Глядя через пламя свечи усталыми красными глазами, Михалка кивнул ему. Помолчав, еще раз напомнил:

— Всем обрядом чтобы — с лестными словами да с грамоткой...

На крыльце, на свежем воздухе, нанесенном с реки, у Онисифора закружилась голова. Долго стоял он, прижимаясь грудью к перильцам, думал, глядя в темноту: «Нет, этот орешек Глебу не по зубам».

Как ни изворачивался Онисифор, а княжью волю нарушить не посмел. Все исполнил, как наказал ему Михалка.

На горе, у избы огнищанина, шел пир. На столах высились пузатые жбаны; все пили из больших деревянных чаш, окованных серебром и медью. Михалка пил из позолоченного турьего рога. В стороне от столов над жаркими кострами, вокруг которых суетились сокалчие, клокотали высокие медяницы.

Онисифор сидел рядом с князем; позади боярина за лавкой вертелся расстрига Вирик, подсказывал боярину на ухо нужные слова, за то Онисифор не жалел для него пи вина, ни меда.

Пьяные владимирцы и рязанцы лобызали друг друга; иные, обнявшись, лежали тут же под столами...

— Мир! Мир! Мир! — скакали по дорогам расторопные биричи.

6

С чувством разлитой по всему телу легкости пробудился Михалка в своей ложнице, поглядел на оконце: в оконце пробивался тонкий лучик света, ровной полоской рассекал ложницу надвое. Пока Михалка лежал с открытыми глазами, лучик передвинулся к двери, коснулся порога и пополз к косяку.

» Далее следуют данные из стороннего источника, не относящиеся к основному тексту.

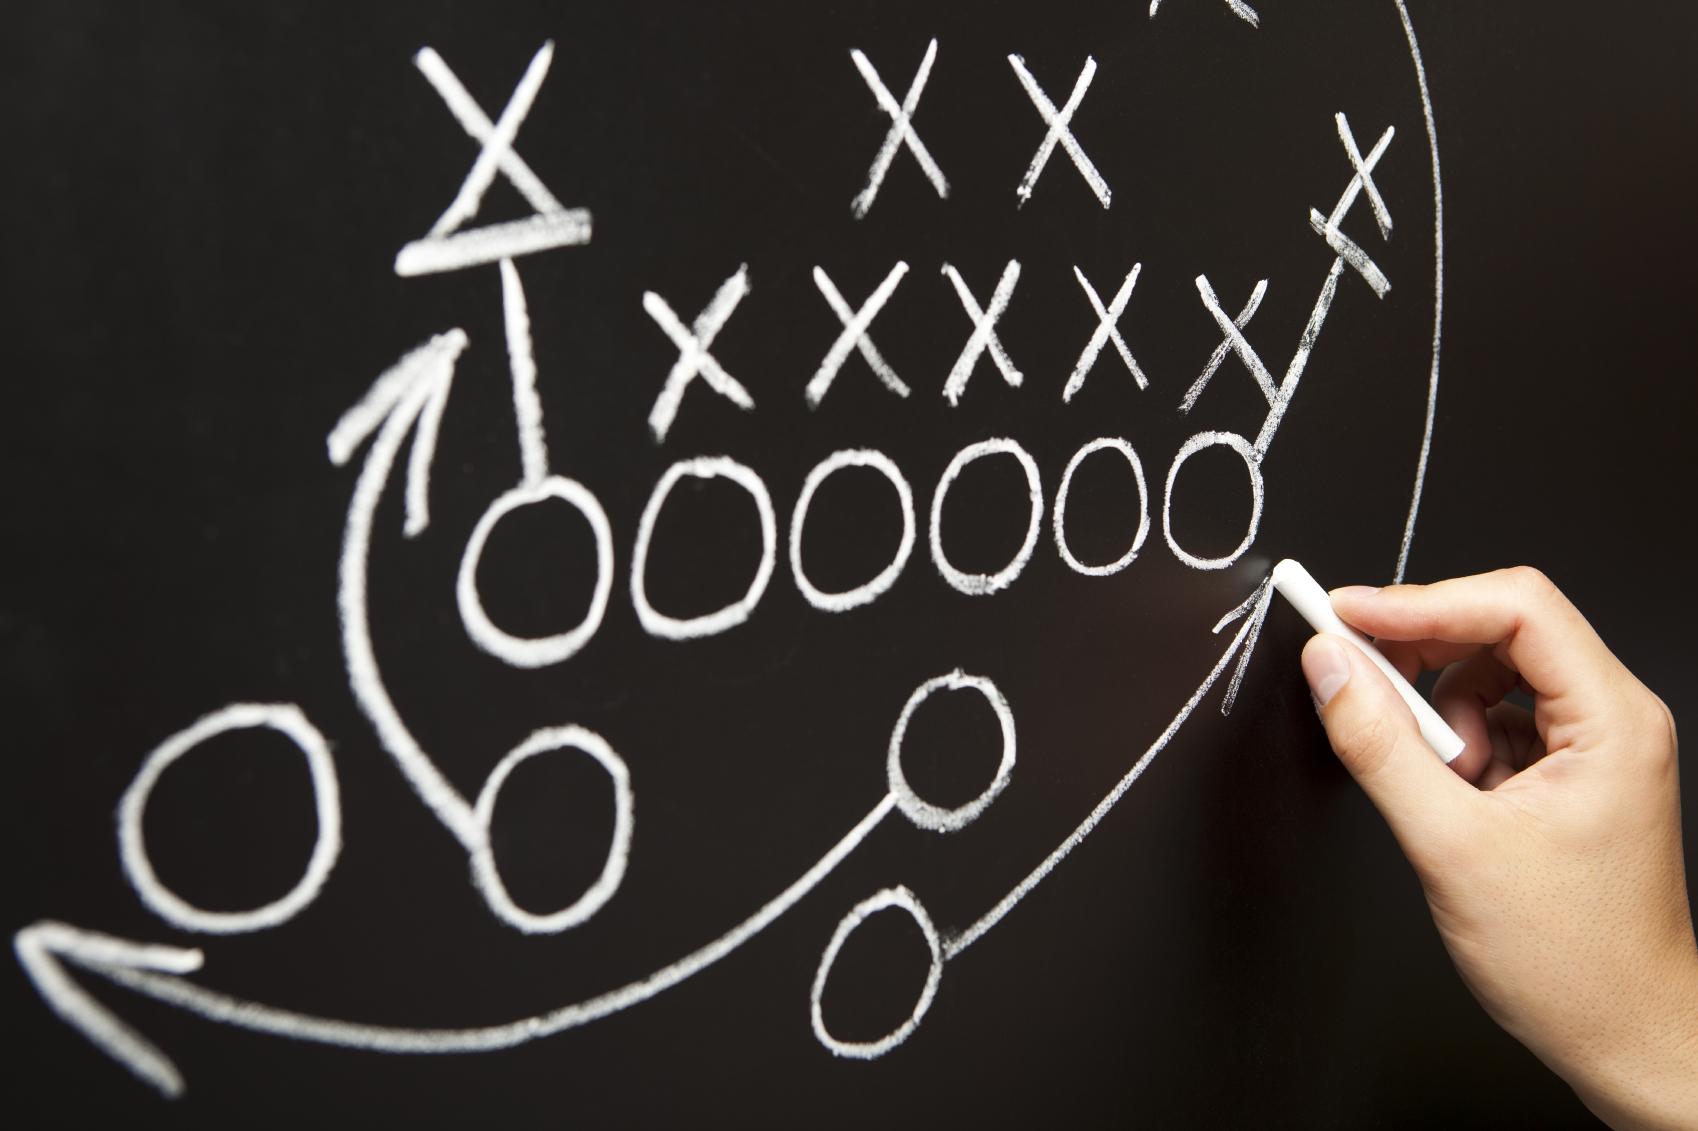 Estratégias de marketing: o que acontece quando você confunde com táticas?

Михалка зевнул, перевернулся на другой бок и попытался снова заснуть, но сон отгоняло все то же ощущение легкости во всем теле, которое еще прежде этого пробудило его ото сна.

Тихо было в сенях и палатах, только из клетей слабо доносились приглушенные расстоянием женские голоса. Кто-то громко закашлял в холодной горнице — повалуше.